I saw several other drivers and people on the sidewalk look at the unusual configuration of an S-10 pulling a three-wheeled ATV, yet nobody noticed my "stealth" EV at all. Just another compact car.....don't look at me....

At Swee's, we put the trike in his garage and hooked up my car. I wish I had my camera in the Metro while going to Swee's. It was quite a sight. Here's a photo of the trike behind my truck at Swee's driveway.


Across the street, there was a black Geo Metro parked there.

You know you are an Ecomodder when.....You notice that the Metro is an LSI, so it has 4 cylinders - a negative because it's not as efficient as the 3-cylinder, yet you still want it because it has a manual transmission, and you know the 4-cylinder moves the transmission over so you can install a longer electric drive motor in place of the engine!

PS - I also dragged my three forklift motors down there at Doax's request, so he could see if one would work for the EcoRider project.

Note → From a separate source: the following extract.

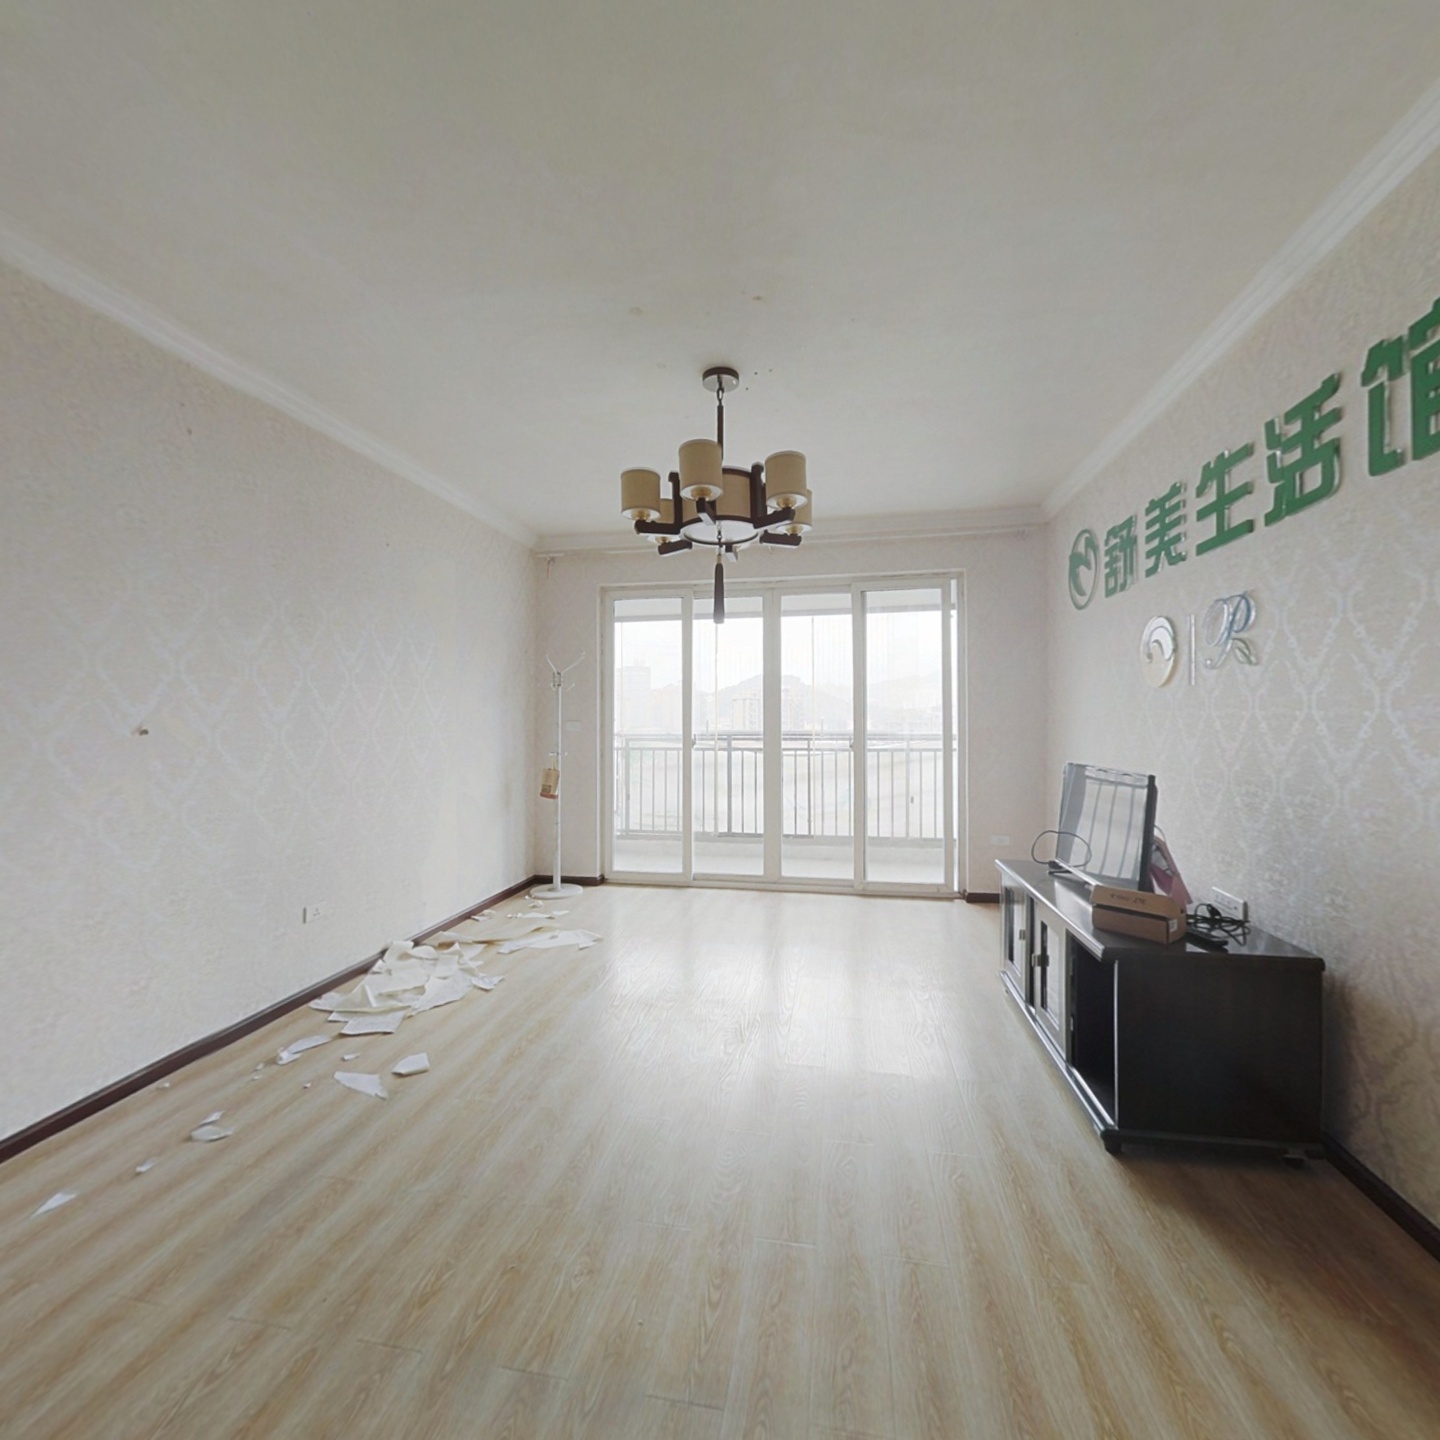 悦景新城 电梯房 产权满2年无贷款 已补土 随时过户

The SMALLEST motor was about the right size, but was a pump motor, so it doesn't have a proper drive-shaft. Doax declined to accept the motor on the basis that Tom G. could dig something else up. Grrr. - those motors are heavy and hard to drag down there. I will have to build something cool with one of those motors just to spite Tim.

I will still need to mow my lawn this summer, and figure a way to do it without gasoline. So, maybe I will let Tim build his mower, and then steal his design.